Reproduce the data below in full and exclude every picture.

(COLLECTED DATA Opens)

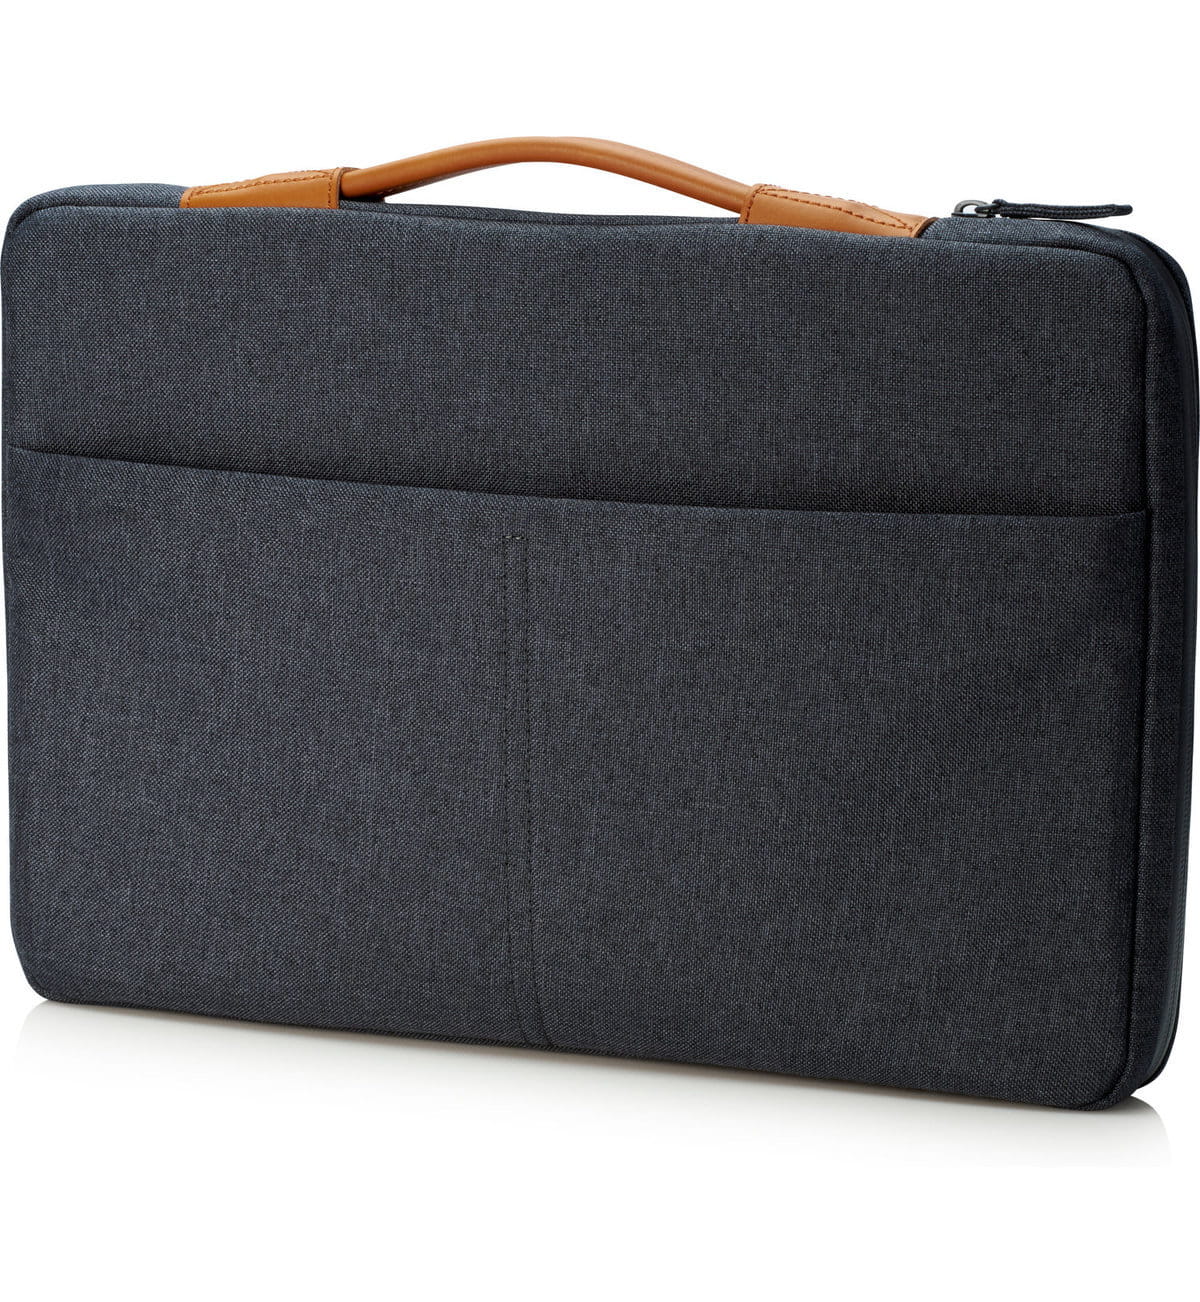 Bag HP ENVY Urban 15.6 / Sleeve / 3KJ70AA#ABB /
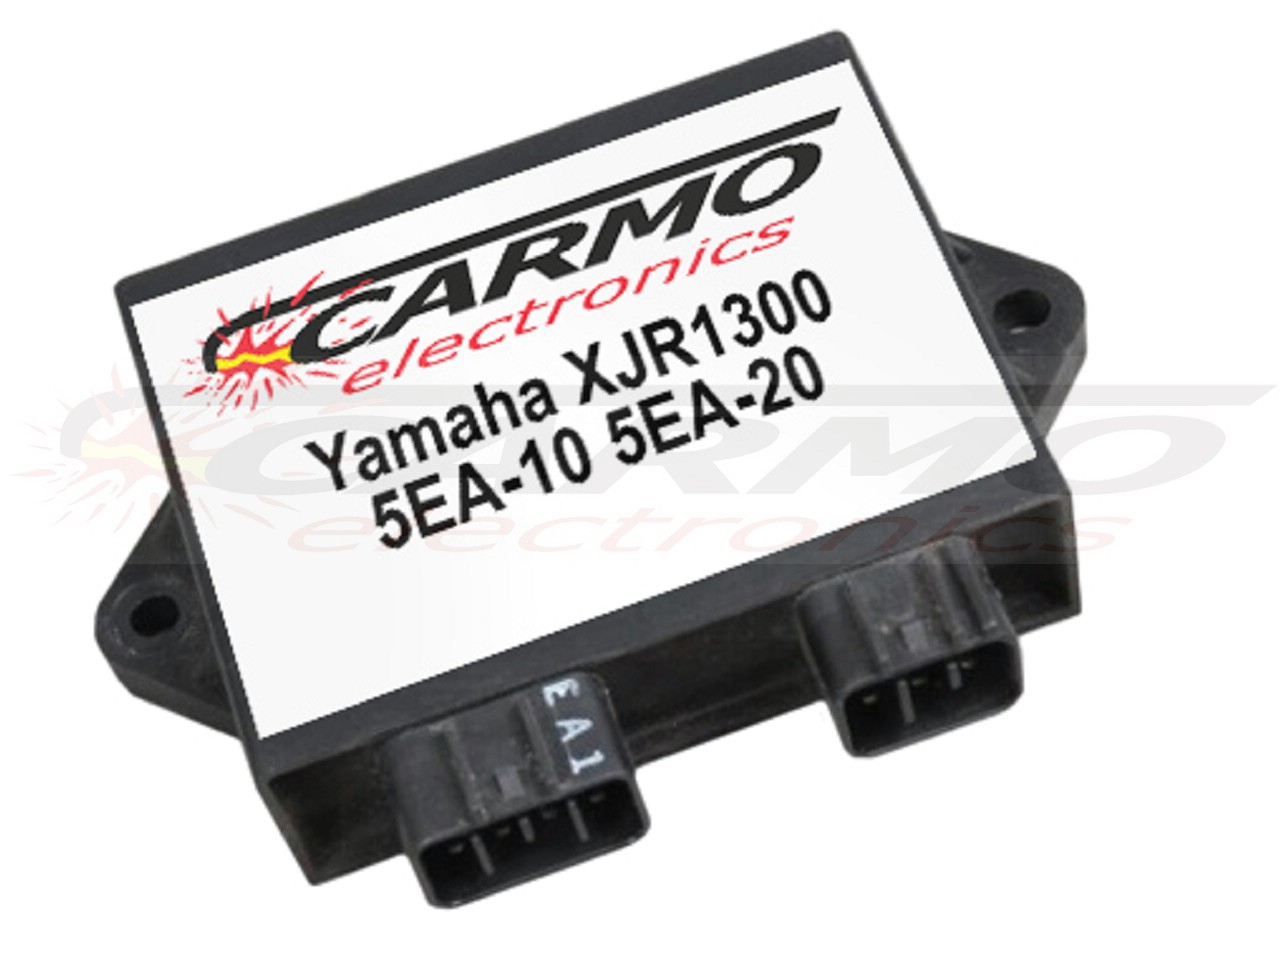 Yamaha XJR1300 SP C racer igniter ignition module CDI TCI Box (5EA-10, 5EA-20) - Clique na Imagem para Fechar
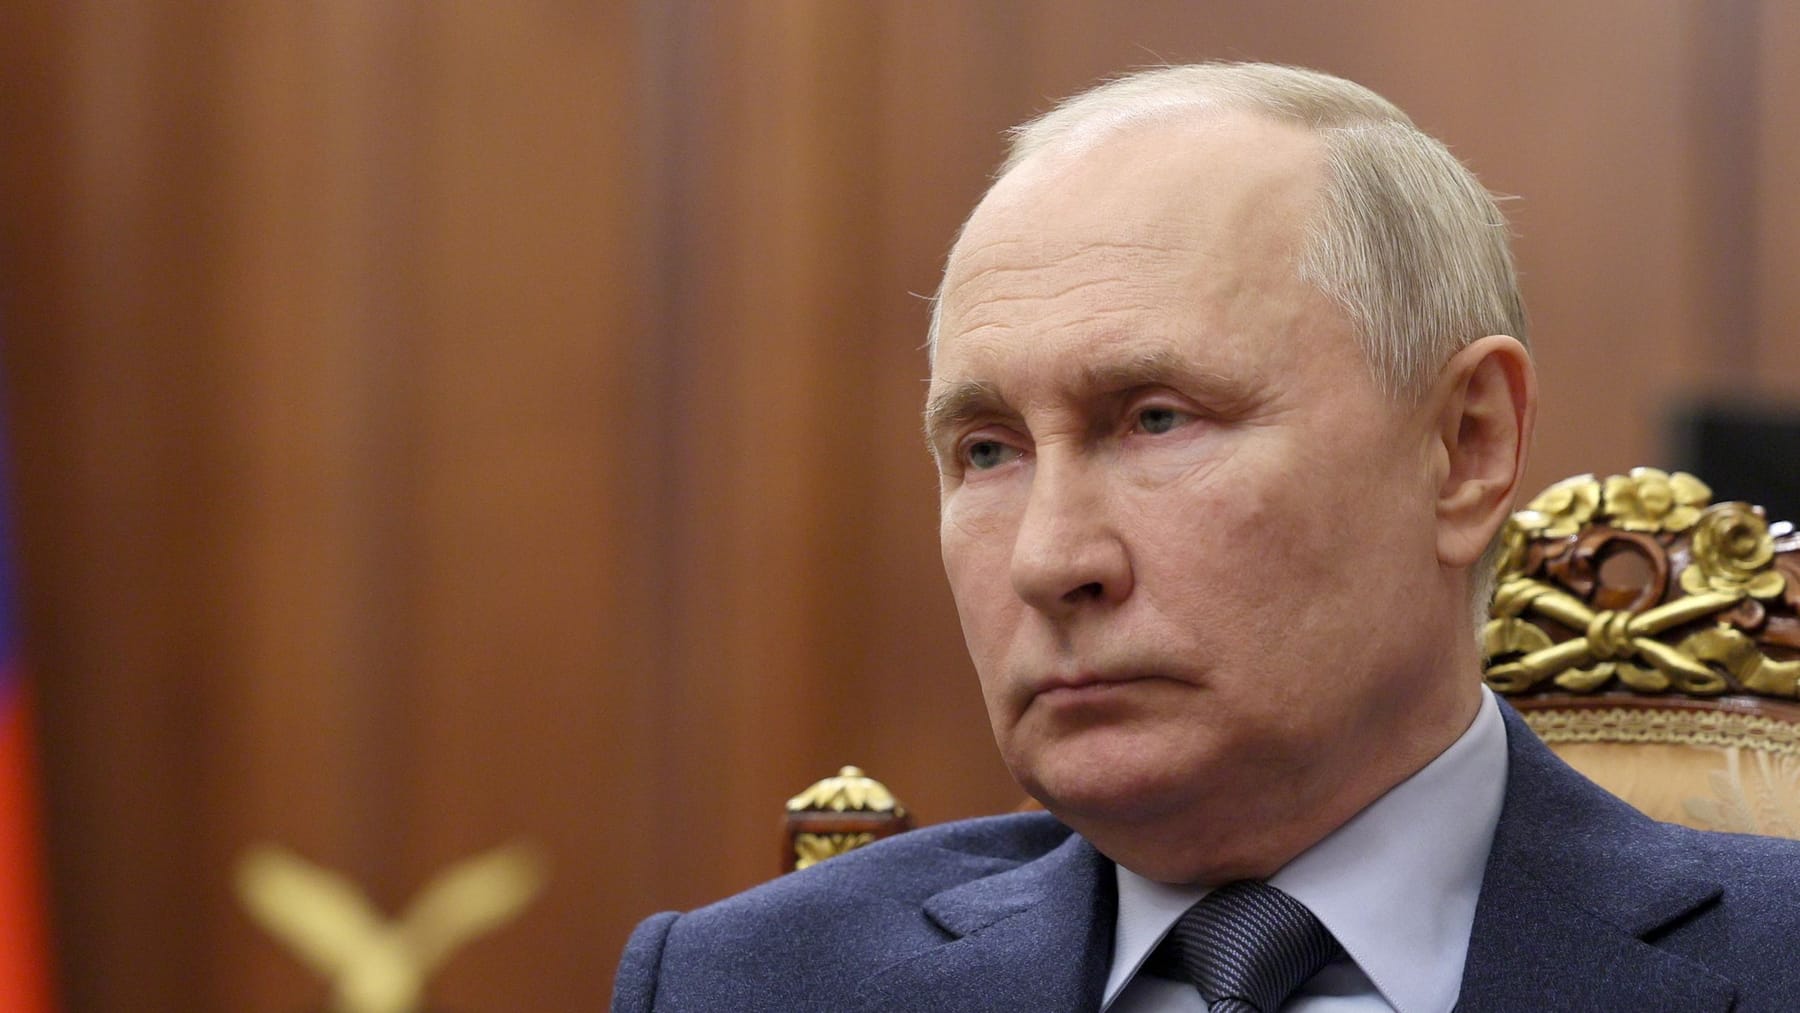 Guerra |  Encuesta: El apoyo a la guerra de Putin ha disminuido significativamente

(COLLECTED DATA Closes)

#### SOLUTION TO THE EXERCISE
 Bag HP ENVY Urban 15.6 / Sleeve / 3KJ70AA#ABB /
 Yamaha XJR1300 SP C racer igniter ignition module CDI TCI Box (5EA-10, 5EA-20) - Clique na Imagem para Fechar
 Guerra |  Encuesta: El apoyo a la guerra de Putin ha disminuido significativamente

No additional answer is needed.